Thanks for looking guys!


----------



## brapbrapboom (Sep 2, 2009)

Simple yet gorgeous scape! Wish I knew how to scape like that and have the equipments!


----------



## iBetta (Jun 19, 2011)

brapbrapboom said:


> Simple yet gorgeous scape! Wish I knew how to scape like that and have the equipments!


lol man, u're gonna make me blush :*). i used leftover rocks from a cichlid tank +rocks from backyard . but thank you very much for the compliment! my FH is growing a kok!  well its still very small. i need to take a pic of him! (i always forget ) but he swims way too fast -_-


----------



## brapbrapboom (Sep 2, 2009)

Hey bro, I was wondering how long does your DIY co2 last for? Also do you dose any fertz?


----------



## iBetta (Jun 19, 2011)

brapbrapboom said:


> Hey bro, I was wondering how long does your DIY co2 last for? Also do you dose any fertz?
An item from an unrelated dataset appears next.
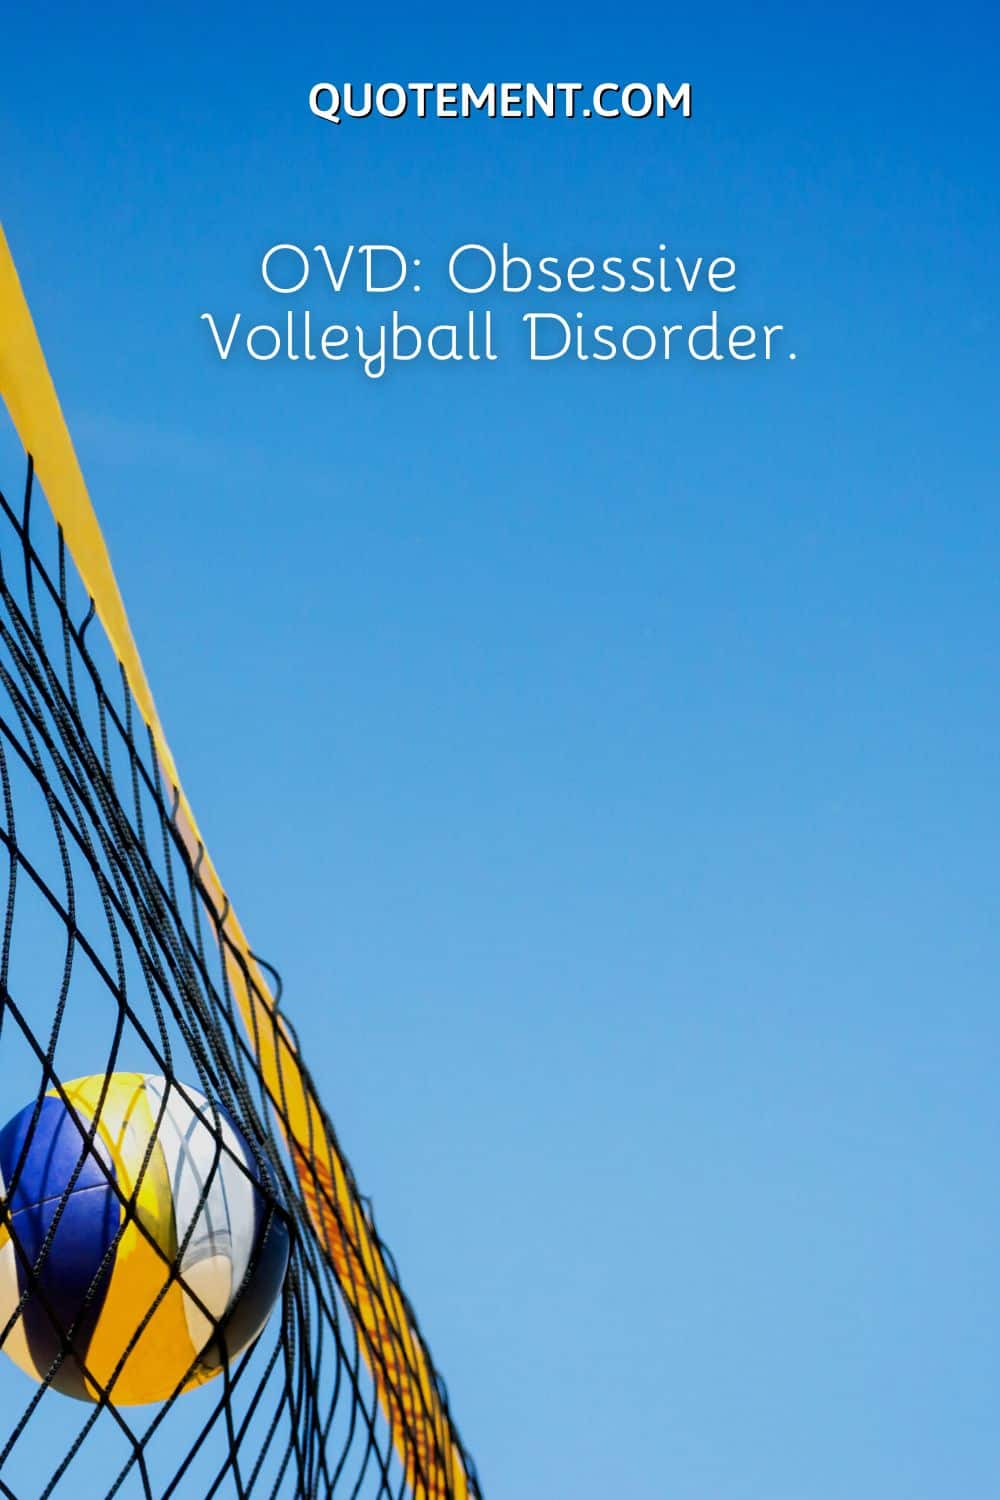 OVD Obsessive Volleyball Disorder.

hey man! it usually lasts about 2-3 weeks, though my last bottle lasted over 2 months!O: i dont know what happened lol

i also do EI dosing


----------



## alexxa (Jun 27, 2010)

how is your tank? any update?


----------



## iBetta (Jun 19, 2011)

i just rescaped it . i call it "life on mars" ahahha! u'll see why i mean that when i take a pic


----------



## alexxa (Jun 27, 2010)

good i will wait for your photos


----------



## Will (Jul 24, 2008)

alexxa said:


> good i will wait for your photos


as will I too.


----------



## Fergus (Jul 11, 2011)

I'm expecting ferric oxide substrate with corbonaceous chondrites strewn about.


----------



## iBetta (Jun 19, 2011)

*Update #1*

Here's the new scape 

I have some green axelrods in there but my camera can't capture it (sorry its a phone camera)

Alexxa, I've also tried to take a pic of my diffuser but you can't see the bubbles .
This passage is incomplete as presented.